= Supplied information =

■ ■ ■ ■

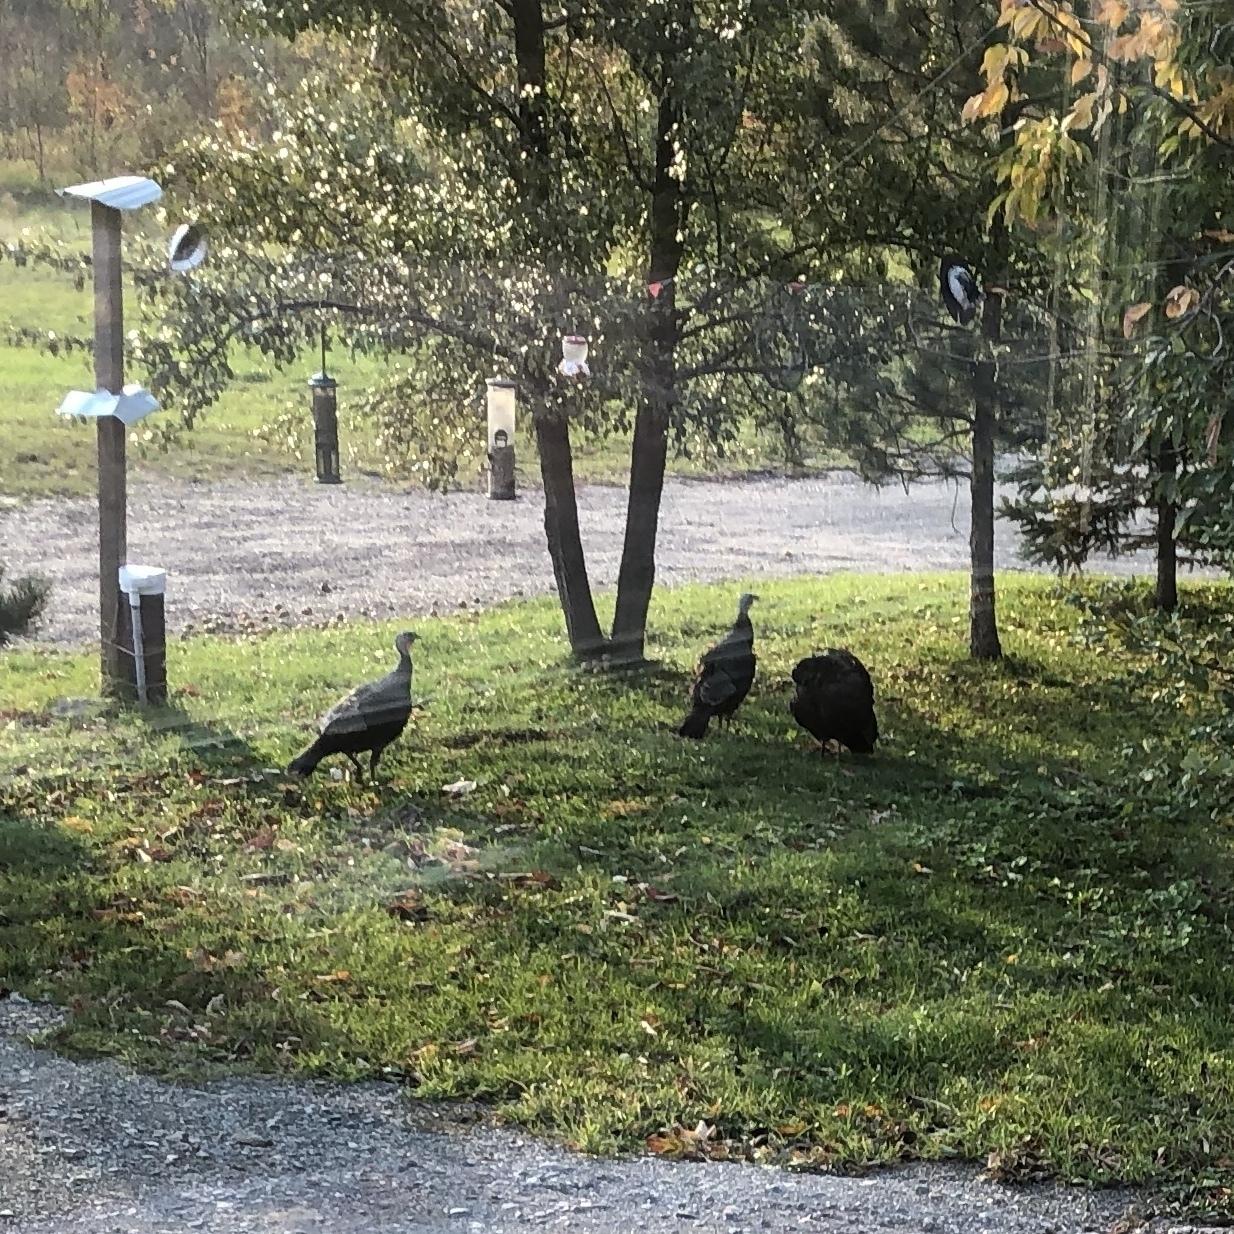 3 wild turkeys under some birdfeeders surrounded by trees
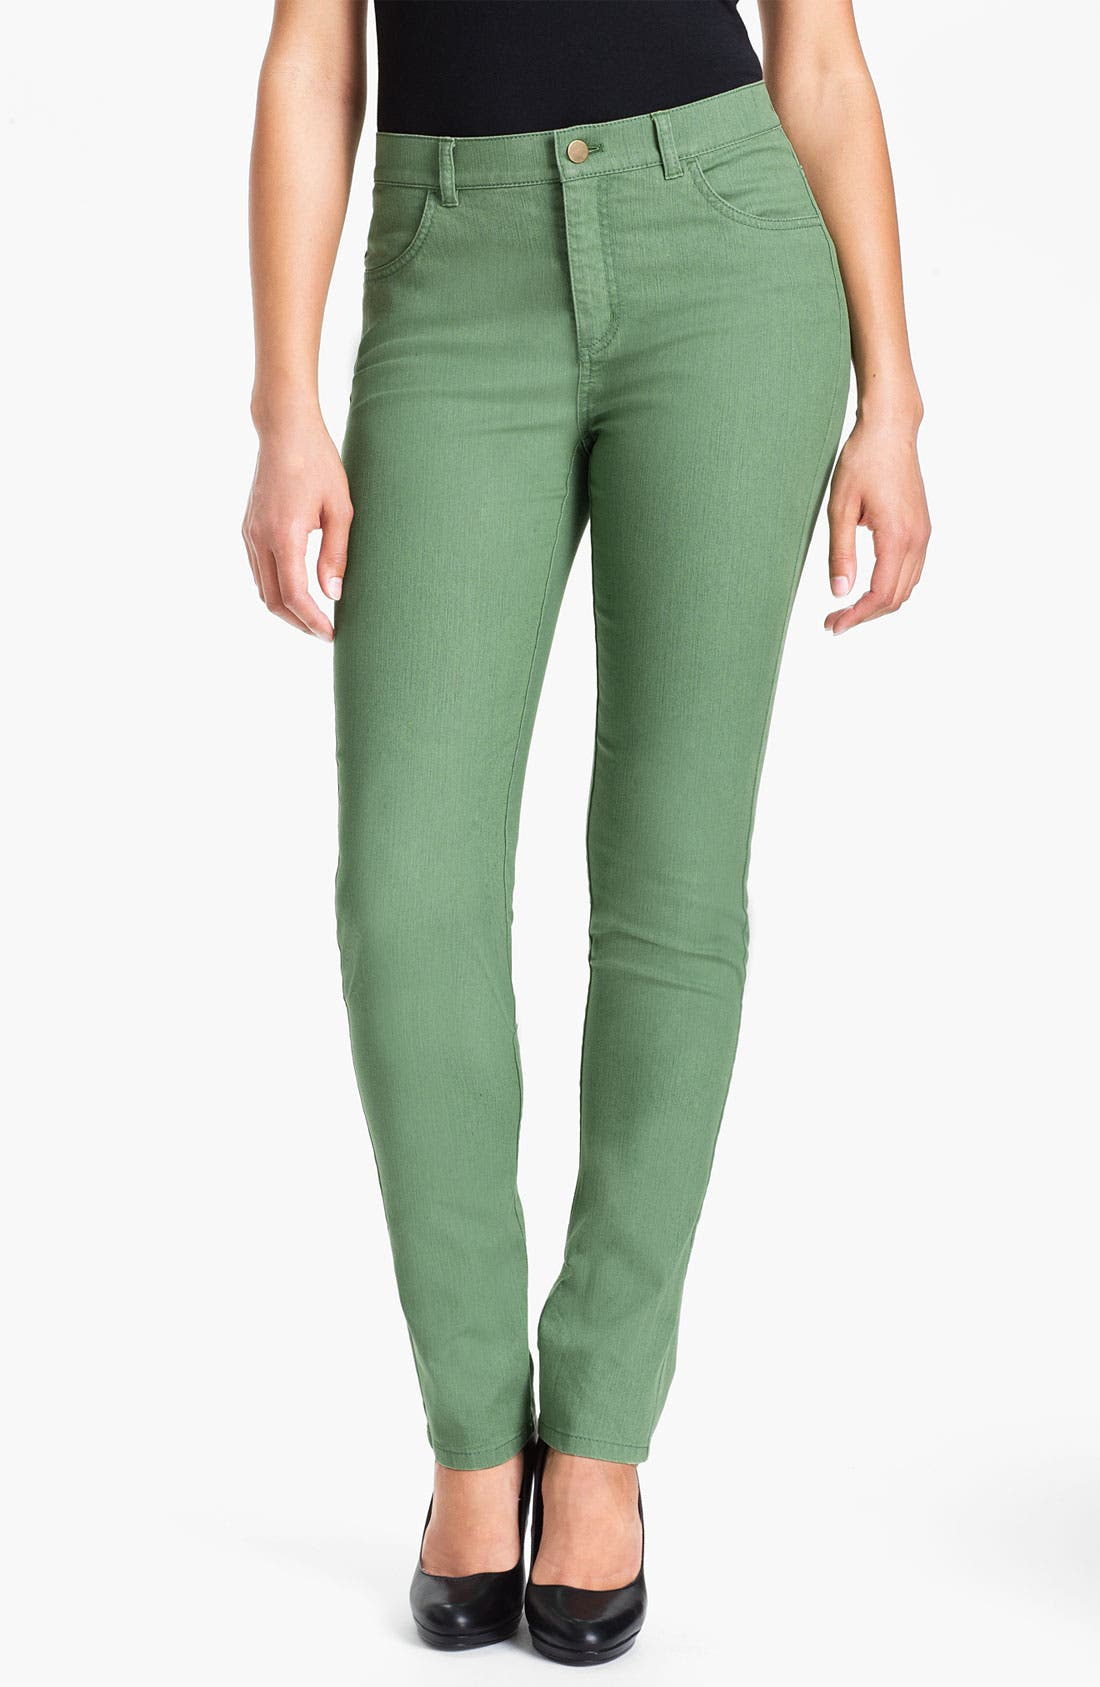 Alternate Image 1 Selected - Lafayette 148 New York Curvy Fit Slim Leg Jeans
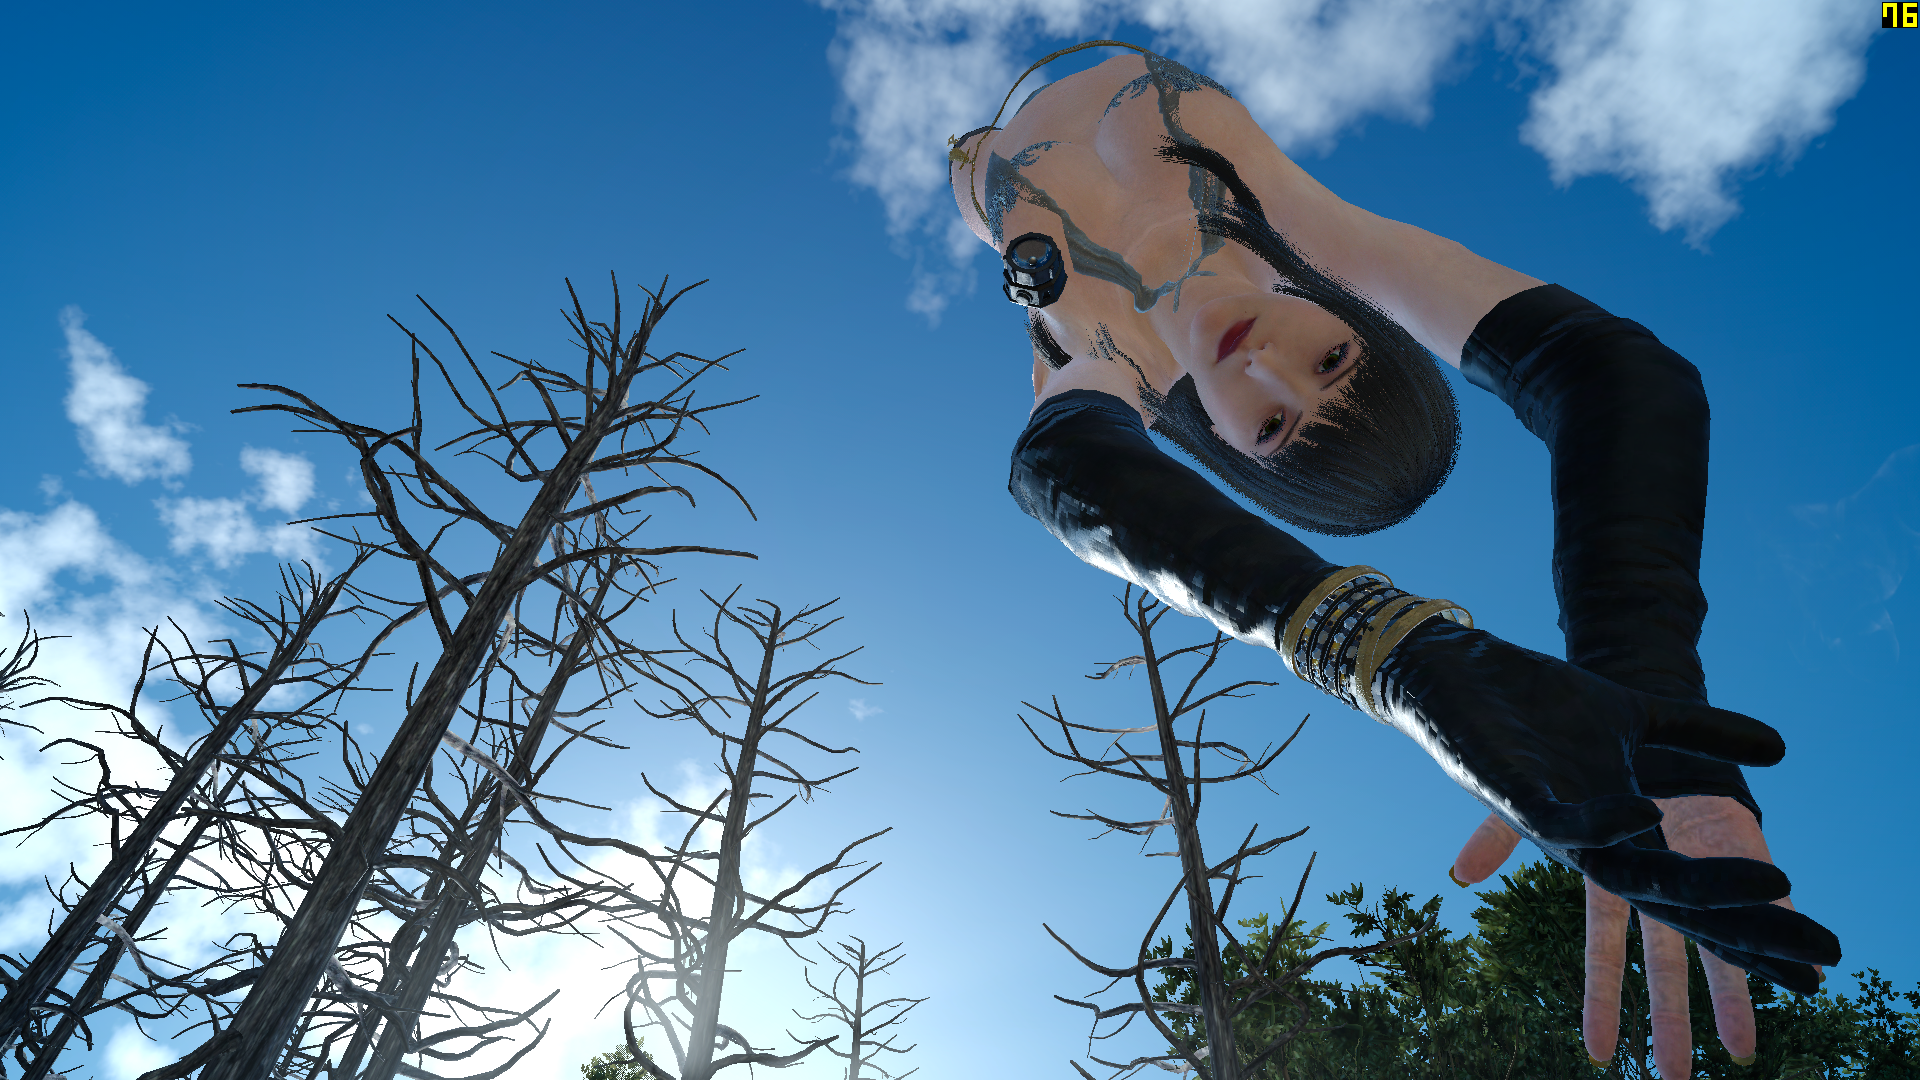 Final Fantasy XV Windows Edition Screenshot 2019.04.26 - 19.02.34.46.png
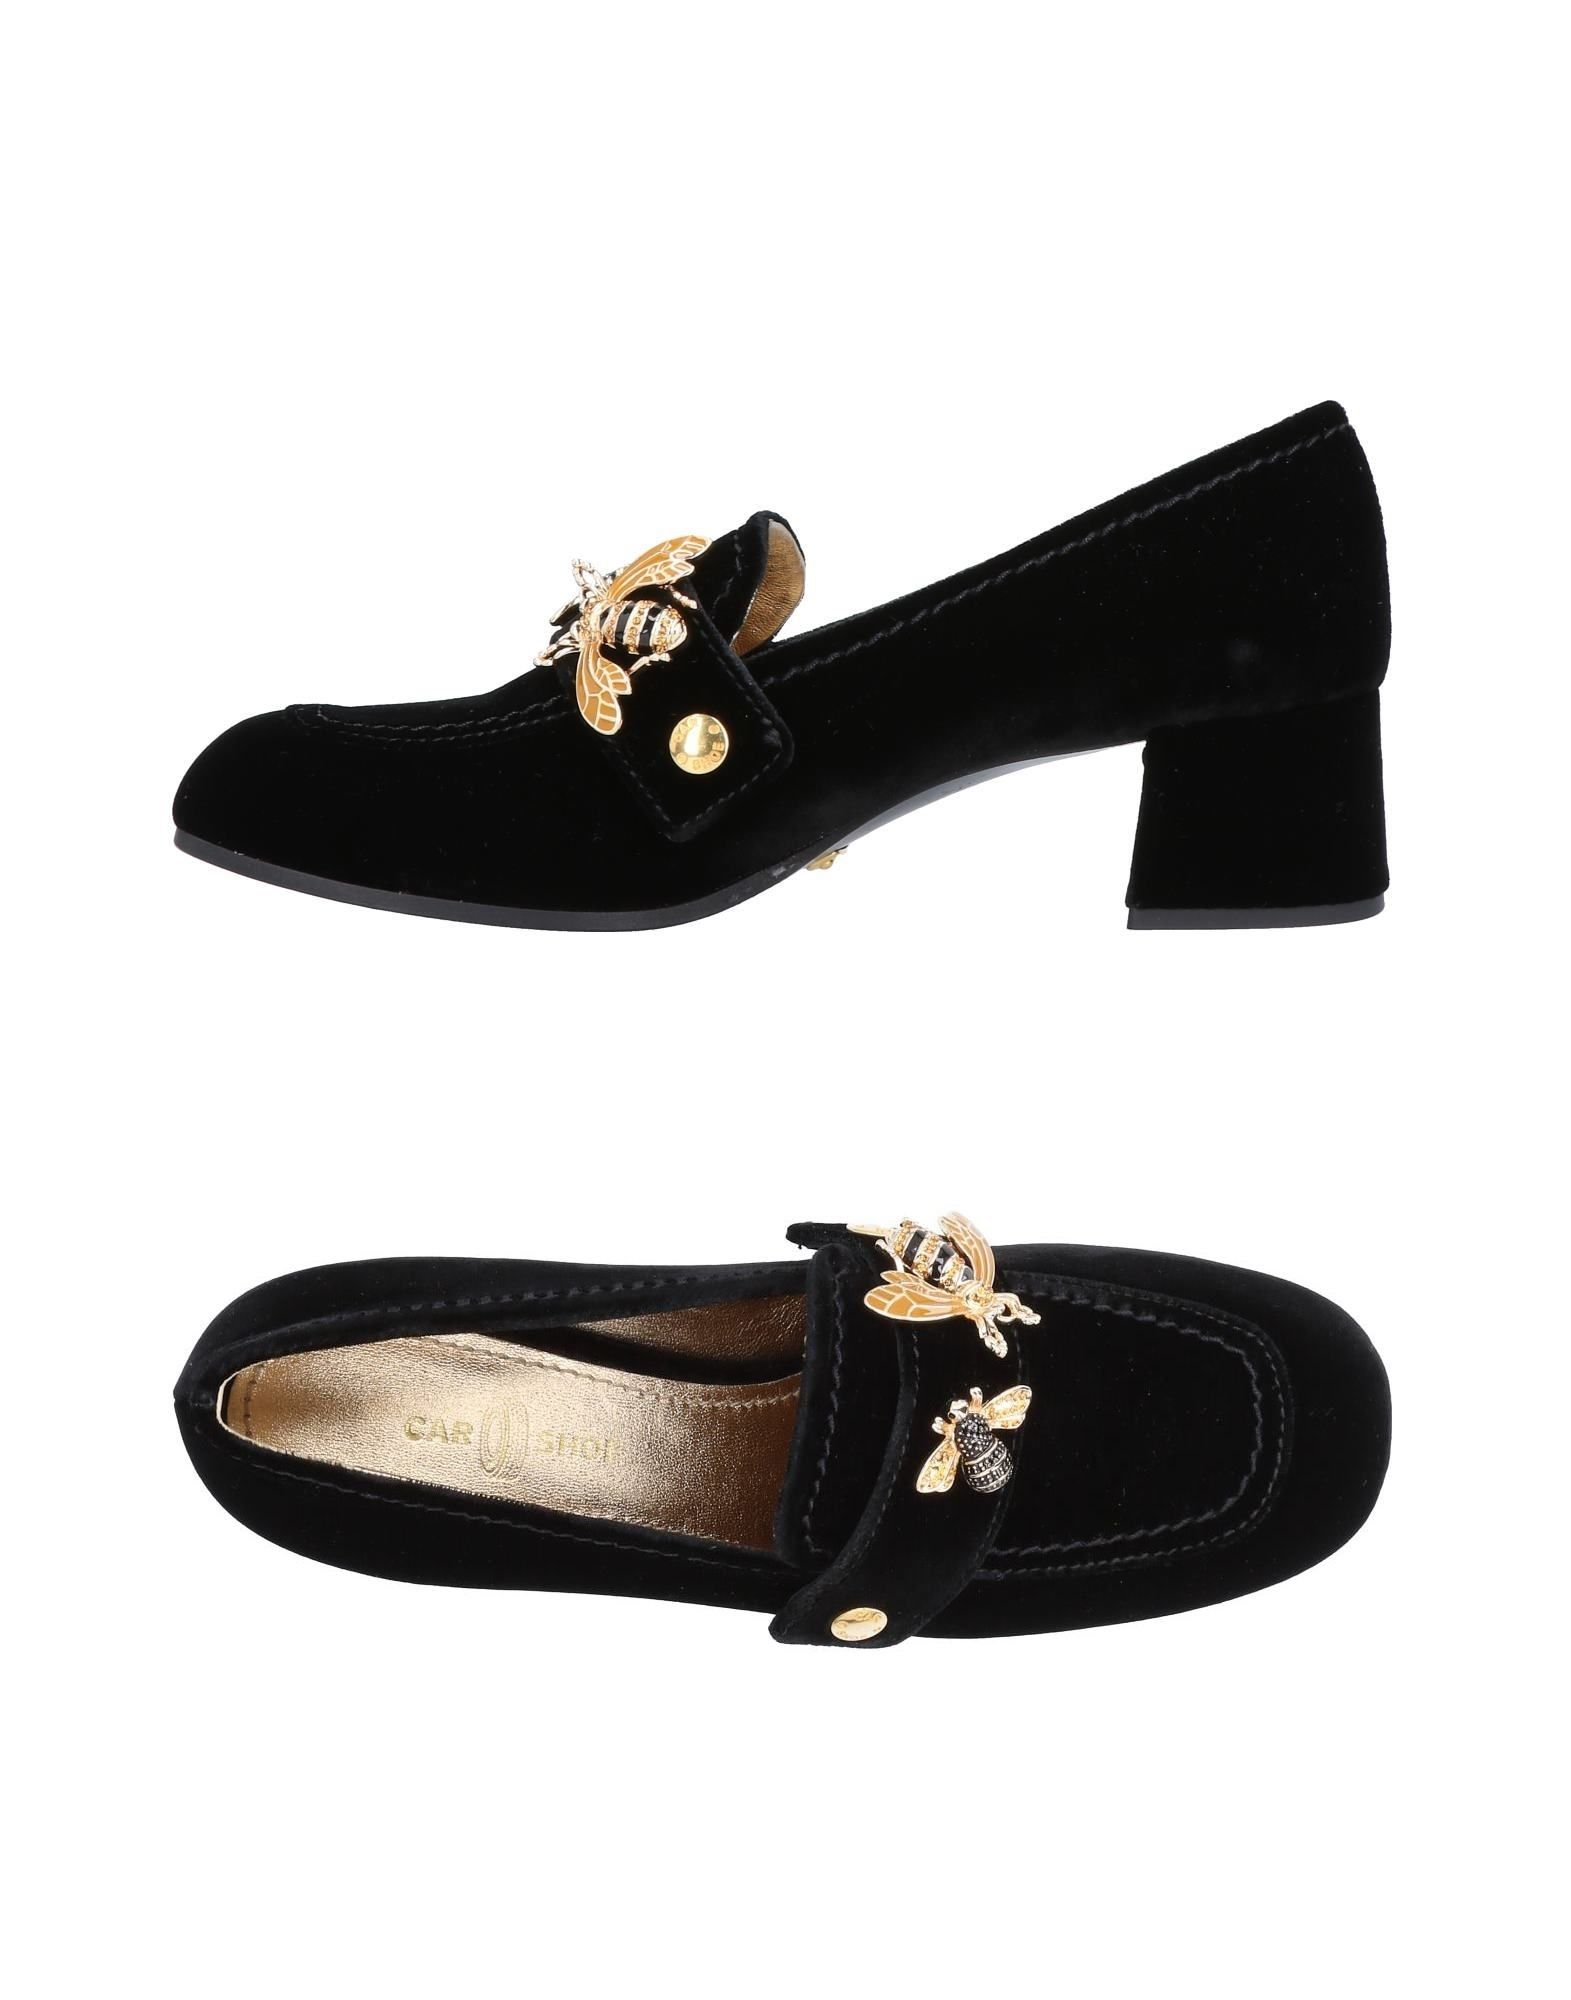 Haltbare Mode billige Schuhe Carshoe Mokassins Damen  11503484WA Heiße Schuhe

■ ■ ■ ■

= About this exercise =
Return all of the material above unchanged, minus its pictures.

= Answer for the task =
 3 wild turkeys under some birdfeeders surrounded by trees
 Alternate Image 1 Selected - Lafayette 148 New York Curvy Fit Slim Leg Jeans
 Final Fantasy XV Windows Edition Screenshot 2019.04.26 - 19.02.34.46.png
 Haltbare Mode billige Schuhe Carshoe Mokassins Damen  11503484WA Heiße Schuhe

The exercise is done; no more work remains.